Dentalcorp Holdings Ltd. DNTL-TCanada’s largest consolidator of dental clinics, is considering selling itself just a year and a half after setting a record for an initial public offering of a health care company.
Dentalcorp announced Monday its board had launched a strategic review to assess its options to “unlock shareholder value.”
The company raised $700-million in an IPO on the Toronto Stock Exchange in May of 2021. At the time it was the biggest IPO for a life-sciences company on the TSX, although it was overtaken a year later by eyecare-product maker Bausch + Lomb Corp.
Dentalcorp’s stock made its debut at $14 a share and climbed as high as $18.36, but has since been in free fall, hitting as low as $5.65 last week. The shares rallied 32 percent on Monday’s news to reach $8 at the day’s close.
Chief executive officer Graham Rosenberg said in a news release that the company’s strategic review was triggered in part by outside interest.
“Our management team is fully aligned with the board’s decision to explore options to maximize shareholder value, including in response to unsolicited expressions of interest that have been received,” Mr. Rosenberg said.
The company said in the news release that it would give no assurances that a transaction would occur and it would provide no updates until the process was over. It has hired Jefferies LLC, TD Securities Inc. and CIBC World Markets Inc. as its financial advisers.
Dentalcorp spokesperson Michelle Robichaud declined to comment. The company did not say what other options it is considering.
Founded in 2011, Dentalcorp has assembled a network of 538 clinics across the country by buying established practices from dentists at valuations above historical norms. Dentists who sell to Dentalcorp are paid in a mix of cash and stock, and are required to remain as employees for a set number of years.
The company aims to standardize technology and control costs through bulk ordering of supplies and centralizing back-room functions, such as human resources.
Although the company owns only 3.6 per cent of Canada’s dental practices, it has had a large impact on the profession as the biggest corporate player and has donated millions of dollars to sponsor events and name rooms at dental schools across the country.
Dentalcorp used the proceeds of last year’s IPO to pay down some of the debt it had built up through its acquisitions to that point.

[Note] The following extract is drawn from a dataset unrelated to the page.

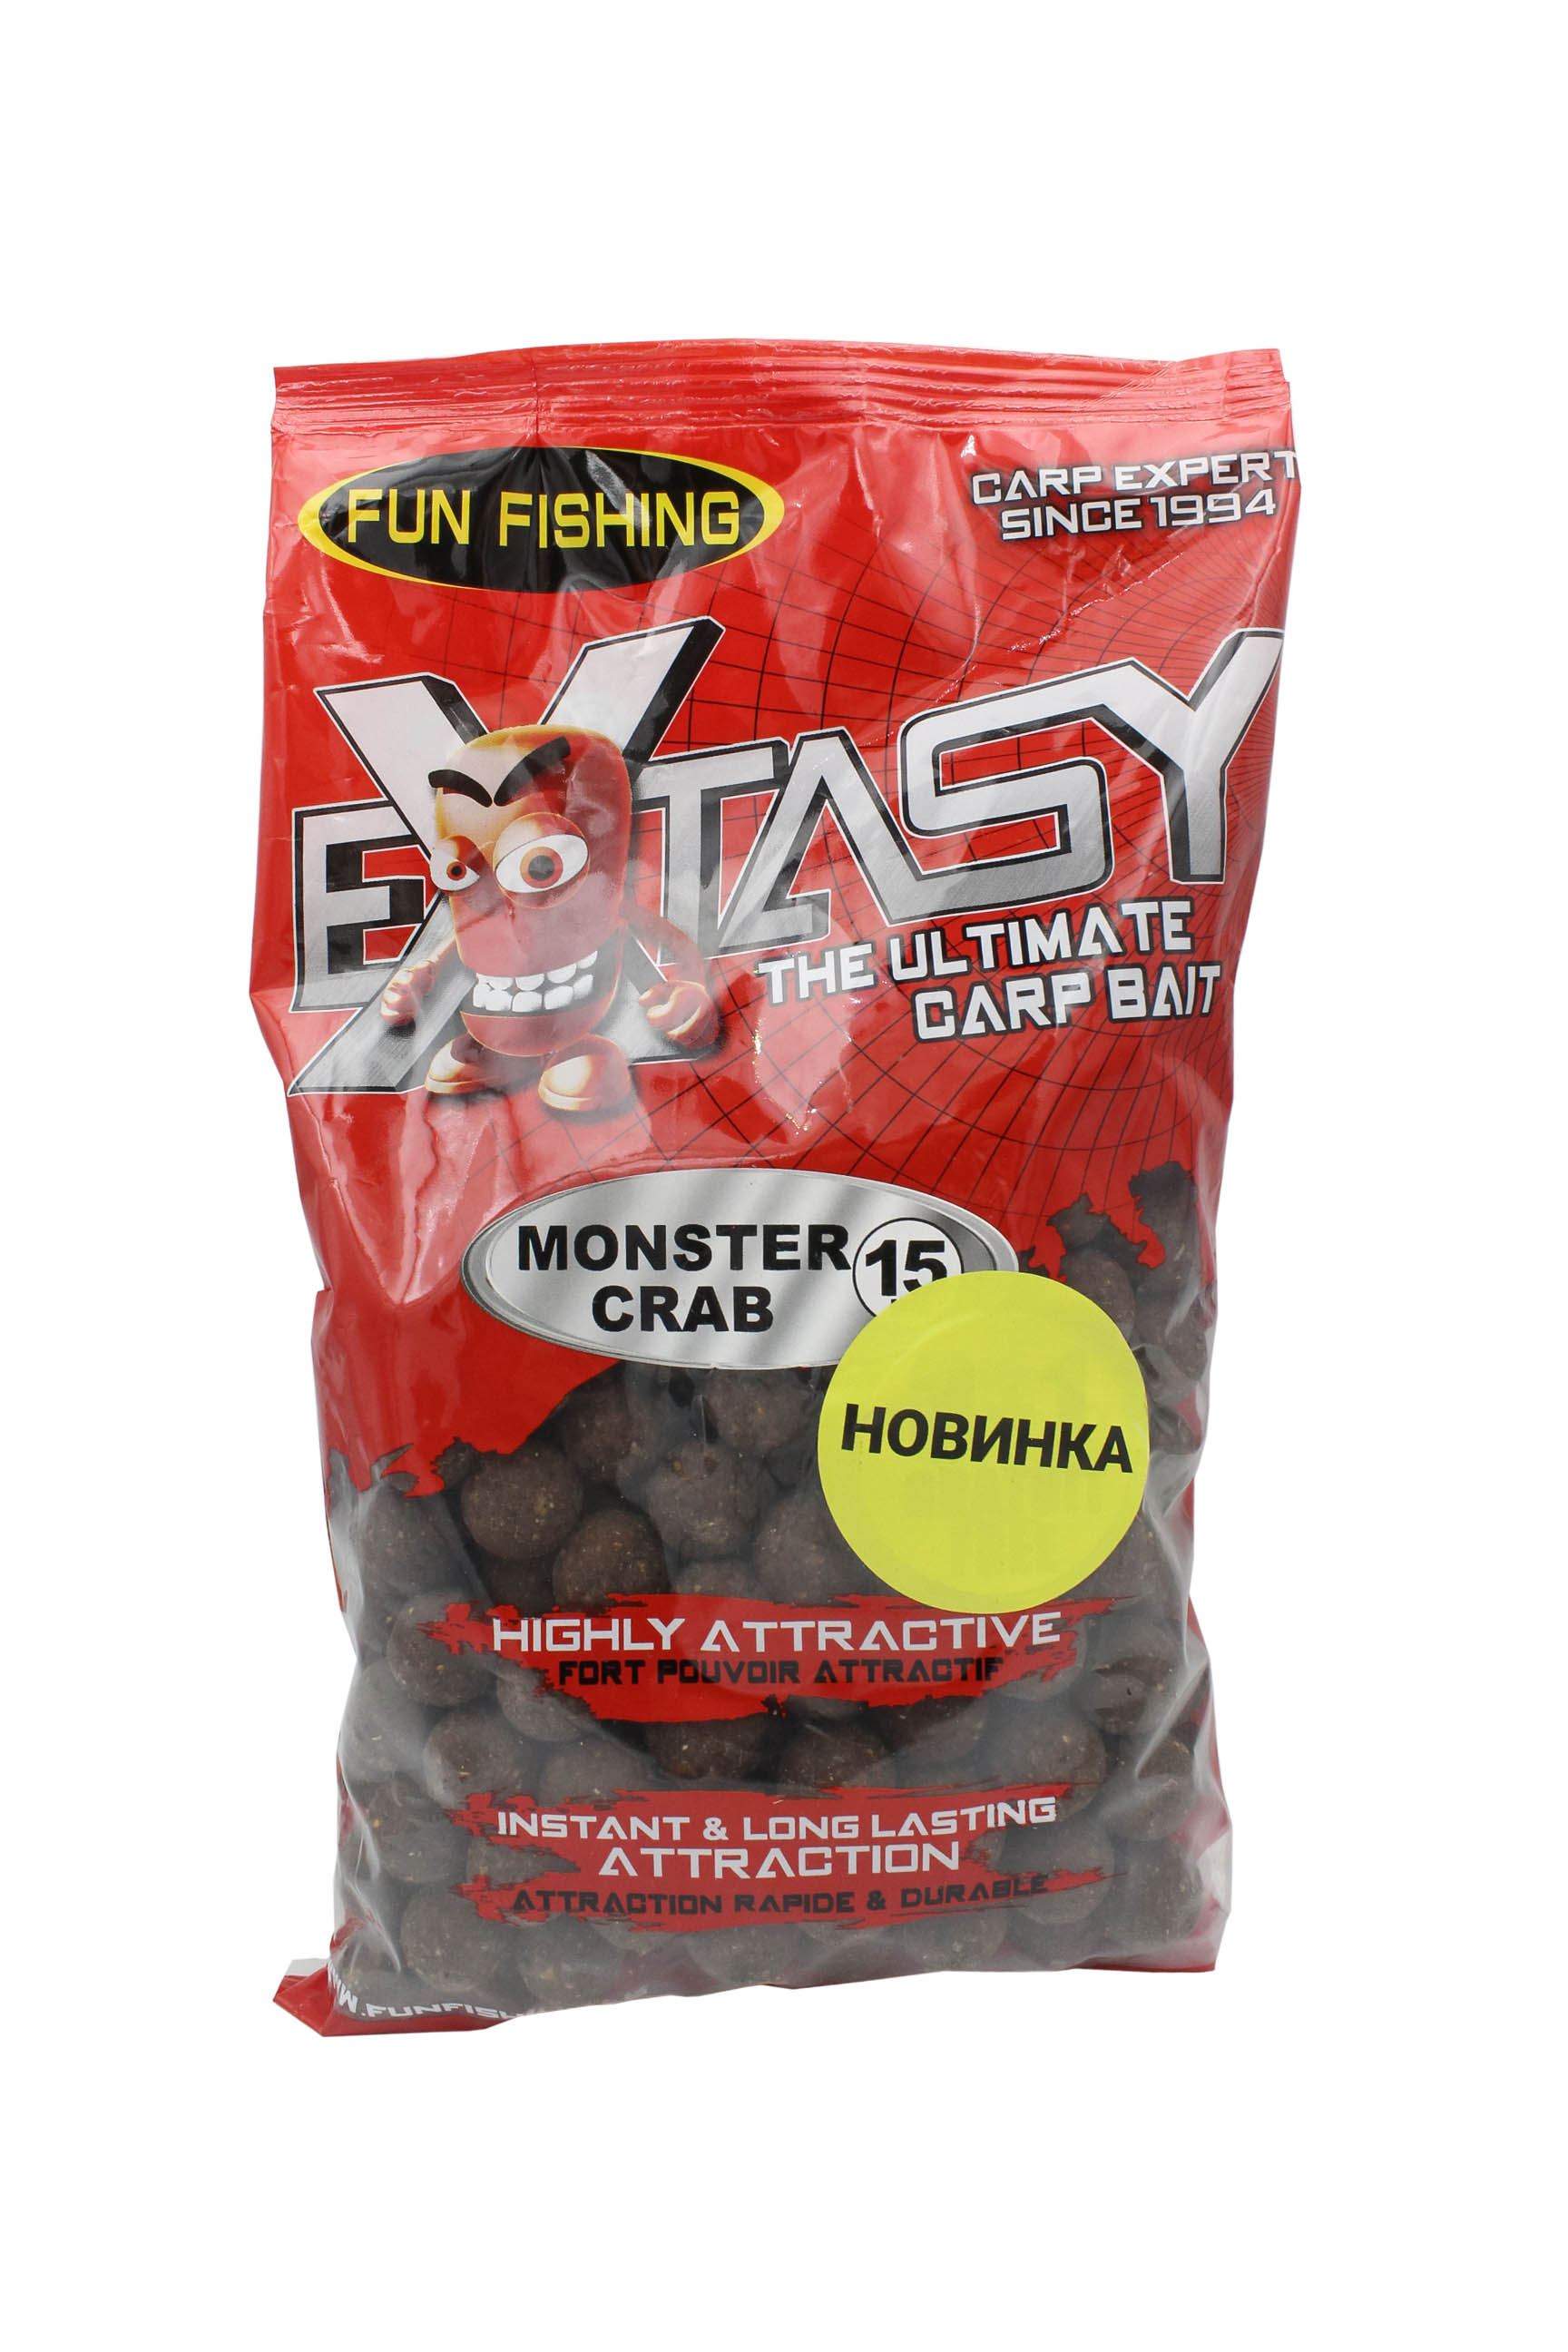 Бойлы Fun Fishing Extasy Monster Crab 15мм 800г   - фото 1

As of its third quarter, reported Nov. 9, the company had $1-billion of senior debt, half of which had a fixed interest rate of 6.6 percent and the other half a floating rate.
The company says it has less leverage than other North American dental consolidators, which are privately held. Dentalcorp recorded $312-million in revenue in its most recent quarter and a net loss of $14.7-million.
The largest investor in Dentalcorp is L Catterton, a US-based private-equity firm with stakes in brands that include Peloton and Birkenstock. L Catterton owns about 40 percent of Dentalcorp’s shares, which gives it about 27.5 percent of total voting rights. Mr. Rosenberg, Dentalcorp’s CEO, owns about 5 percent of the company’s shares and holds about 35 percent of total voting rights, according to company filings.
Desjardin analyst Gary Ho said in a research note that management, with the support of L Catterton, could take the company private at its current value.
He also said Dentalcorp could be a takeover target for its main rival, 123Dentist Inc. Burnaby, BC-based 123Dentist merged with another dental consolidator, Altima Dental, in July with the backing of private-equity firms Peloton Capital Management, KKR & Co. Inc. and Sentinel Capital Partners, and US giant Heartland Dental.
If 123Dentist were to acquire Dentalcorp, the combined company’s network of nearly 900 clinics would dwarf those of any other dental chains, which have at most a few dozen locations.